Neural prostheses for sensory feedback restoration were connected to the stimulator, injecting electrical current into the nerves via percutaneous cables, which increases the probability of infections and has limited robustness. Thus, fully implantable wireless systems need to be developed. These systems should feature: long-term stability and safety of the implants, high battery capacity, stable leads (that currently are prone to breakage), and easy replacement of implants or their parts. Although typical implantable neurostimulators (such as pacemakers) have preprogrammed stimulation protocols, with no need for a continuous transcutaneous communication, for prostheses a high burden of information has to be wirelessly transmitted through the skin to enable bidirectional communication. This demands high battery capacity while maintaining a limited implant size for surgical placement, representing an important technological challenge. Presently, most implants require several hours-long surgeries, and therefore minimally invasive procedures should be developed.
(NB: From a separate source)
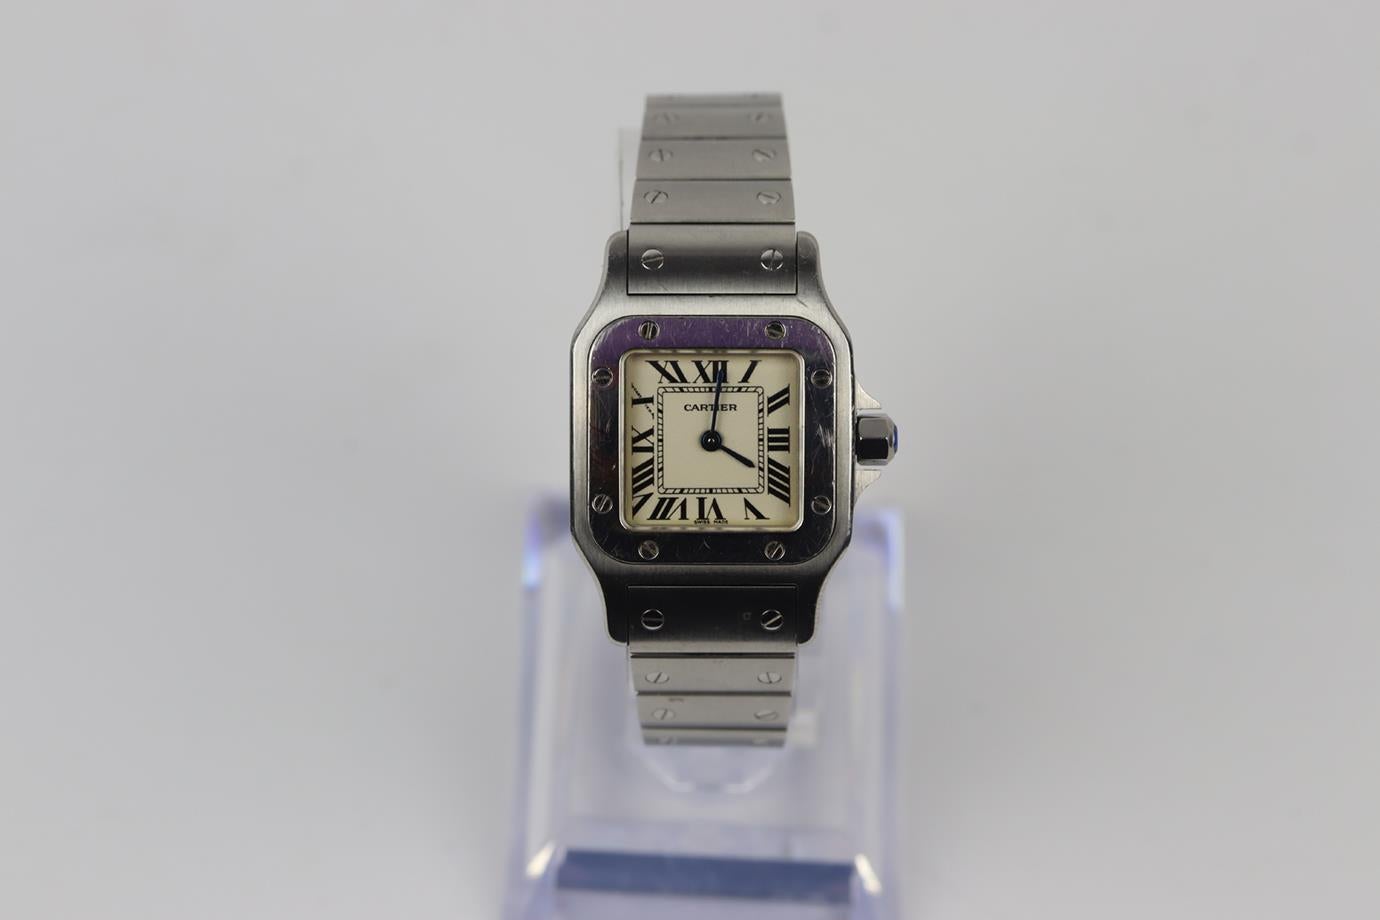 Cartier Santos de Cartier Galbée small stainless steel wrist watch. Silver stainless steel. Quartz movement. Fixed bezel. Silver dial. Butterfly clasp. Comes with box, 5 additional wrist links, certificate and handbook. Case Diameter: 23 mm. Case
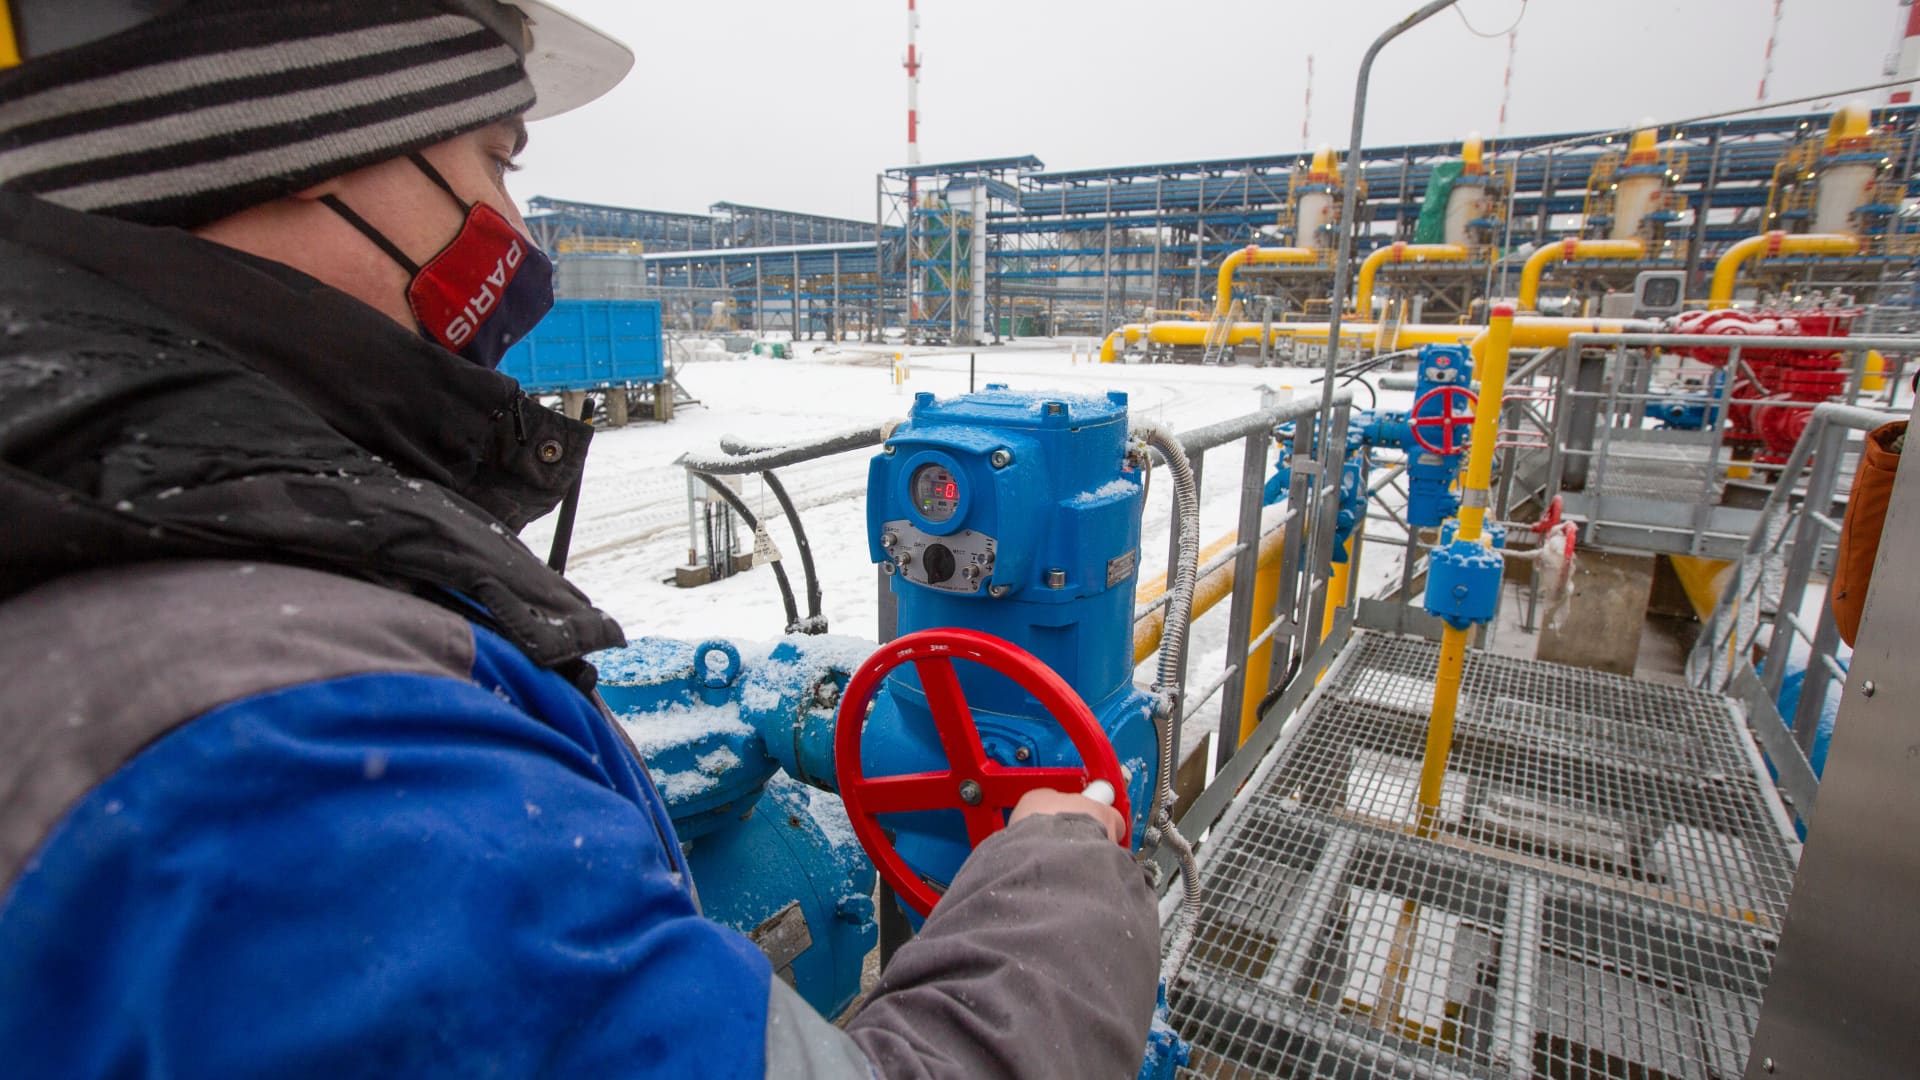 A worker adjusts a pipeline valve at the Gazprom PJSC Slavyanskaya compressor station, the starting point of the Nord Stream 2 gas pipeline, in Ust-Luga, Russia, on Thursday, Jan. 28, 2021.

Capturing information external to the limb is mandatory to trigger neurofeedback, but prostheses do not have sensors in robotic fingers or under the prosthetic foot. Thus, research efforts are devoted to the development of prosthetic electronic skin, which should be able to accommodate a high density of sensors over flexible polymeric structures (15). In the future, these could be imagined as gloves or socks, with robust and high-resolution sensors, placed over the prostheses to transmit different sensory signals such as pressure, movement, and temperature.
To date, these studies are mainly proof of concepts regarding an increase of quality of life or technological viability of neural prostheses, performed with their own metrics, making it difficult to objectively compare outcomes. They are not clinical studies of safety and efficacy, which are important to achieve the necessary medical certifications. Globally, the regulatory steps are demanding and costly, and when accounting for individualization of devices and smaller volume need, the economic cost is potentially high for end users. This could hinder the widespread use of these technologies. Public health care systems vary considerably, and each carries out its own assessment of health technology to support its decisions regarding reimbursement, mainly by demonstrated cost-effectiveness and benefits that increase “quality-adjusted life-years.” Therefore, it is of paramount importance to plan, from the first steps of bidirectional neural prosthesis testing, how to demonstrate safety and health gains because this would augment the likelihood of device approval. The future of neurotechnological intervention for amputees will be in the personalized and combined use of these technologies. Depending on the amputation level and patients’ characteristics, the customized combination of muscular and sensory interventions is likely to benefit amputees in the long term.
Acknowledgments: The author is supported by the European Research Council 2017-STG n.759998 (FeelAgain) and holds shares of SensArs Neuroprosthetics. I thank F. Petrini and M. Capogrosso for their thoughtful input.